If anyone has pop music in her blood, it’s Elisa Randazzo. The child of professional songwriters Teddy Randazzo, whose hits include Little Anthony & The Imperials’ “Goin’ Out Of My Head,” and Virginia Pike, who wrote the Third Bardo’s “Five Years Ahead of my Time,” she’s gone on to live the life herself. A fashion designer, she’s named her line after singer Dusty Springfield. She’s also sung and played violin with Fairechild, a combo she co-lead with ex-husband Josh Schwartz, and the Red Krayola, but she didn’t step out on her own until well into her 30s.

So even though Bruises & Butterflies is her first solo recording, there’s nothing tentative about it; it’s the work of someone entirely in control of her medium and quite clear on what she wants to do with it.

Randazzo started writing Bruises & Butterflies’ songs after her marriage tanked, and it takes you through the phases of break-up, bum-out and recovery. But despite the personal subject matter, it’s no wallow. Some of the songs are longer on vibe than specifics, evoking regret and hope without overburdening you with details. But even when she’s singing in the first person about dividing belongings or the aftermath of a wasted night out, Randazzo’s cool delivery lends a measure of distance. She’s not one to serve her bitters straight. She knows the worth of a good tune, and she doesn’t hold back; this is the sort of record that hits you with one catchy melody after another, each willing to take over from its predecessor the duty of being your favorite song for a day.

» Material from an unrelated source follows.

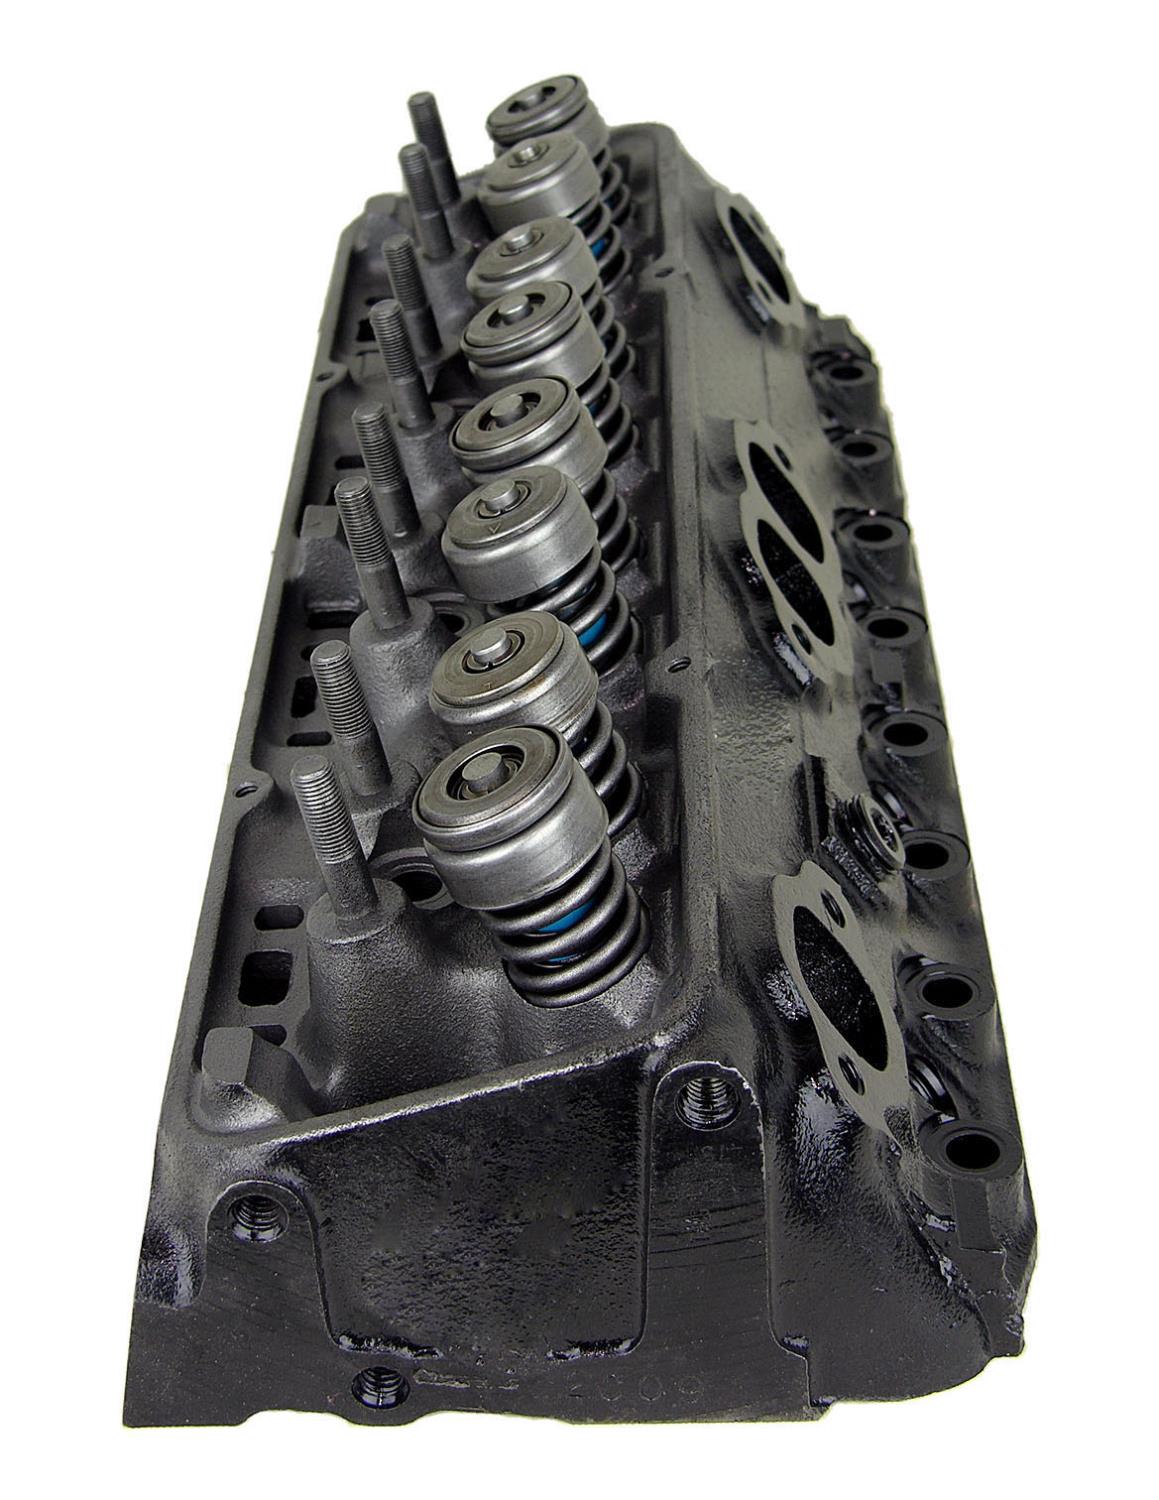 2C09 Remanufactured Cylinder Head for 1967-1986 Chevy/GMC/Buick/Olds/Pontiac with 350ci/5.7L V8
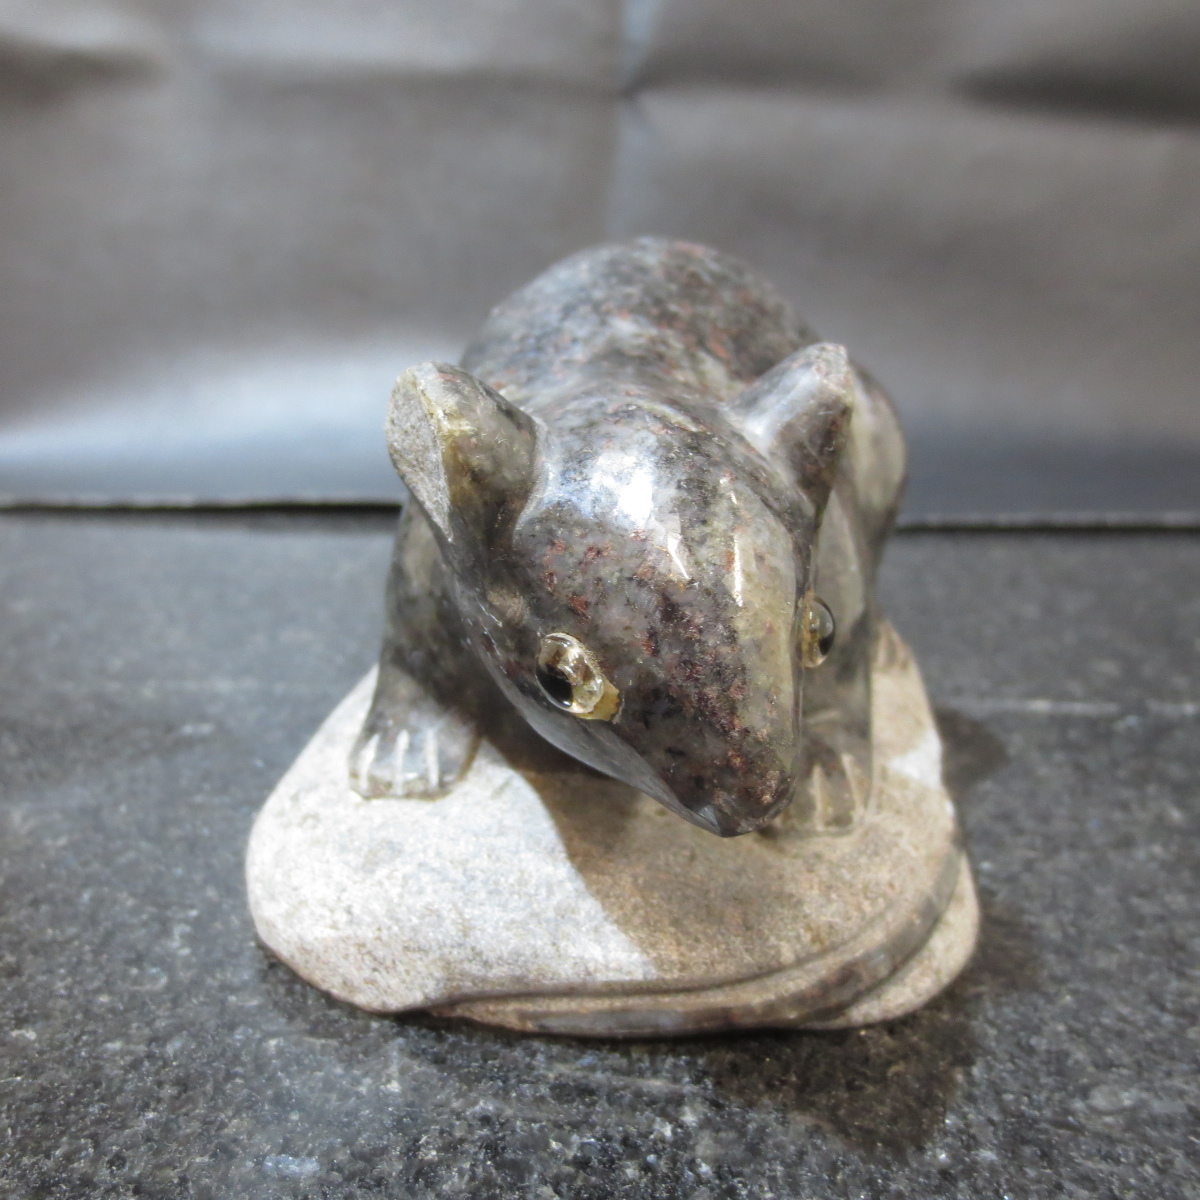  mouse mouse . main . ornament sculpture objet d'art weight . year 10 two main .. stone NZ02 712g free shipping

Randazzo isn’t stingy with sensual pleasures, either; someone spent a lot of time getting the balance of tones and frequencies just right. Her vocal arrangements fly in immaculate multi-tracked formation over strings that stay just shy of astringent and guitarist Aaron Robinson’s sweet acoustic fingerpicking and spacey steel licks. The arrangements echo urbane 1960s and ’70s folk and country-pop — Dusty, the Byrds c. “Ballad of Easy Rider,” Bridget St. John, Brigitte Fontaine — without getting bogged down by precious referentiality. St. John isn’t just an inspiration, but the co-writer and guest vocalist on two songs. She shares the album’s last words with Randazzo, who uses the contrast between her high, smooth voice and St. John’s vibrato-laden alto to subtly up the emotional ante on the way out the door.